My niche is the small amount of qualified Sending land that is also priced well below the value of the new credits that can be clipped off and resold for an arbitrage profit. Some parcels are actually worth as much or more after the credits are clipped as before. Basically, these are lands that technically qualify as Sending sites, but that have issues such that nobody really wants to build there. Water issues are the most common.
But, the profit margins look to be eye-popping, sometimes on the order of 10X or better. Typically, as I'm searching for further acquisitions, I don't even consider deals that won't return at least a fast 300%, with no further CapEx, just by clipping-and-flipping. Right now, I'm drowning in much better opportunities and by the time I wrap those up, I'll be retiring on some riverfront property that I like.

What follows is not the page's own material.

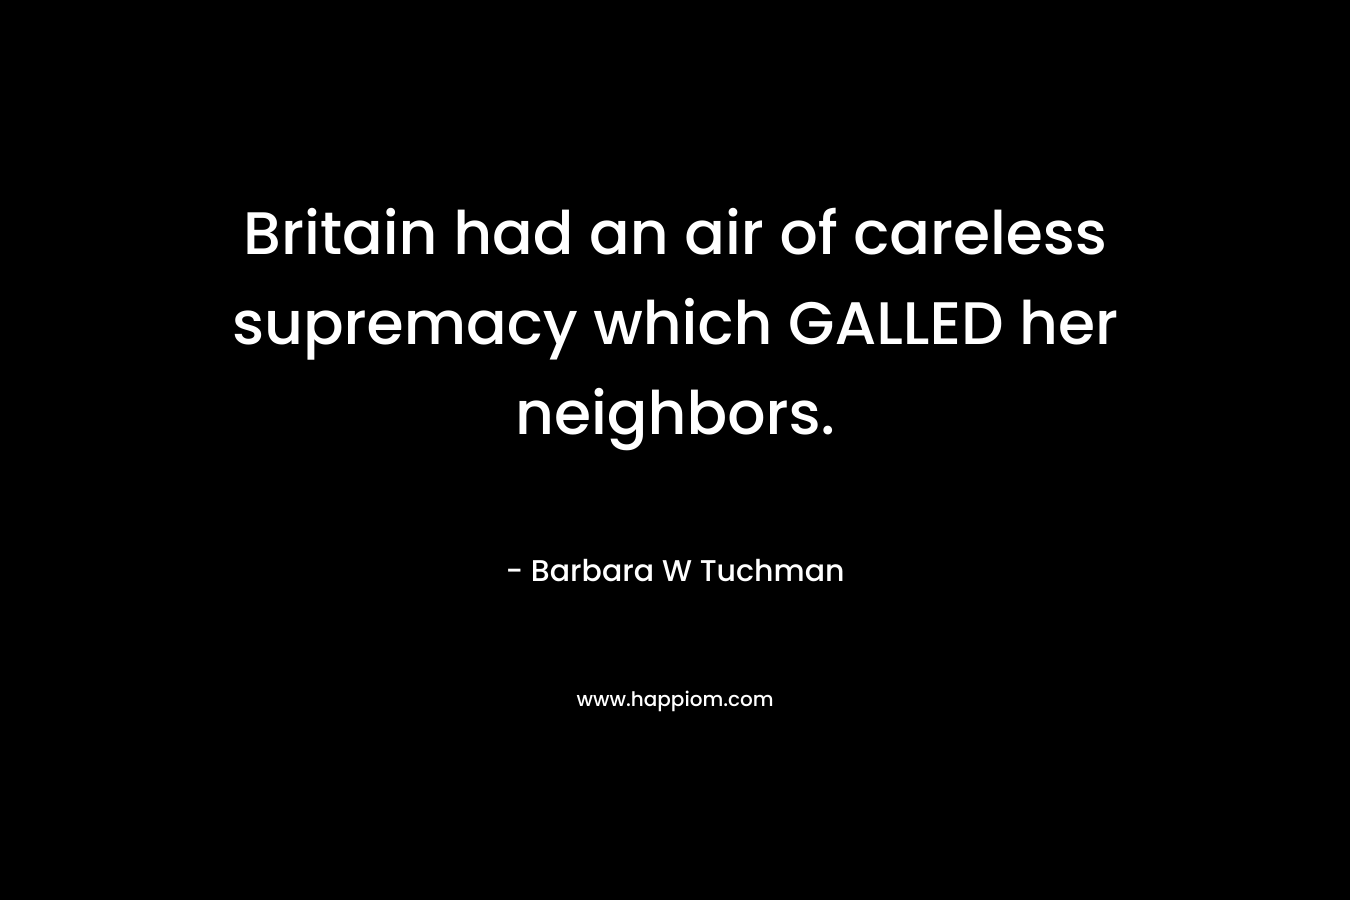 Britain had an air of careless supremacy which GALLED her neighbors.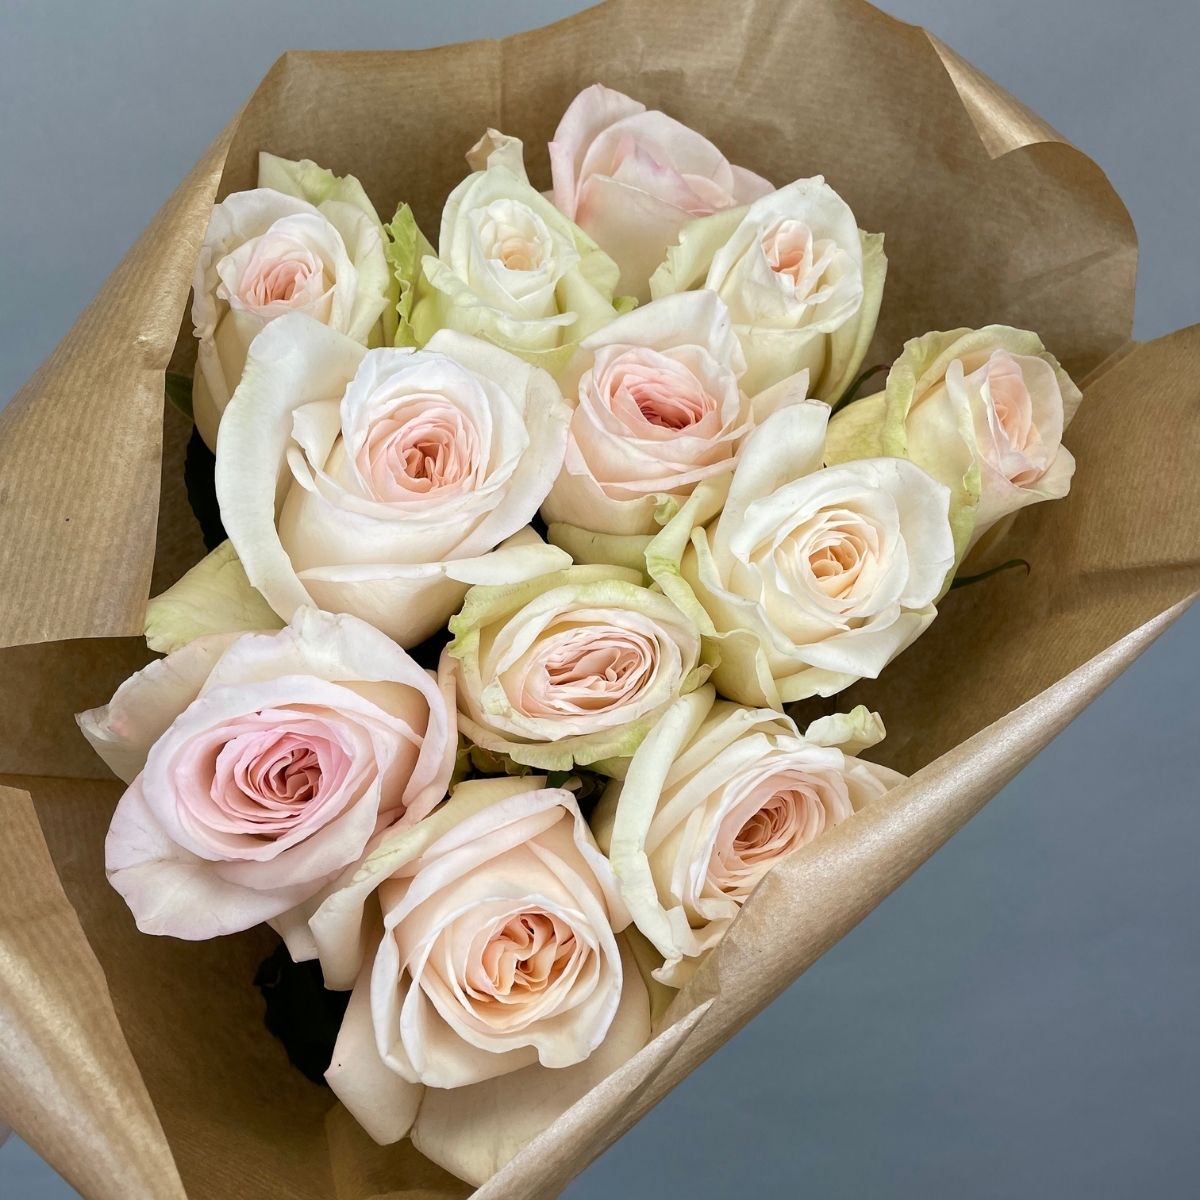 white-ohara-roses-of-delbard-are-amazing-featured

The neat thing with TDR is that, after you've sold off the residential development rights, you still own the land and get to use it in all the same ways as before, except that you can no longer build houses on it. There are a variety of ways to deal with this "residual" acreage. Share cropping with a retail farm stand/farmer's market is one, if it's the right kind of land in the right location.
But, if steady long term cashflow is a goal, with no management, one can always sell farm land on a low down private contract. With no structures, there's little to damage and it's not like a defaulting tenant can steal it.
The highest value post-TDR use, though, is to go further and create "ecological mitigation" credits and then sell those, too. I have heard, but haven't confirmed, that these credits can sell for up to $100k per acre in places like nearby Seattle. Since downtown development land goes for $30 million/acre, $100k imposed by the progressive city government for a 40 story building permit is a minor annoyance. But, if the $100k is coming in from a $3,000 acre from which has already been harvested $20,000 in TDR credits, that's not a bad ROI.
For the truly ambitious, the right site could then be further developed (outsourced) as a "green cemetery," which I refer to as "selling $500 post holes" at a few thousand per acre. I just missed out on a close-in 50 acre site for $250k that would have done all of these profit centers. Arghh! :-)
BTW, I'm actively looking for working partners with some cash to put in for the short to mid-term. There's more low-hanging fruit here than I'll ever need, but hitting the ground running to pick it before land prices start reflecting the new higher values requires more capital than I have and I don't do debt.
There are two main companies in the US who do the work of creating and selling eco-mitigation credits on a joint venture basis, separated by the Mississippi river. The West coast one, with full details, is at http://www.wildlandsinc.com/ and they're actively looking for more project land. I don't recall the name of the East coast company (which used to be in partnership with Wildlands), but it's somewhere in Florida.
I see that MA also has it's own TDR program. The starting point for the info is http://www.mass.gov/envir/smart_growth_toolkit/pag... I haven't read this page to see what's offered as conservation incentives, and then compared that against your local market prices for "junk" land. If you follow up, please share what you learn here. There are about 200 TDR programs across the US, and every one is different.
You might also look up "eco-mitigation" credits for MA. I wouldn't be surprised if Boston required this type of "remote eco-mitigation."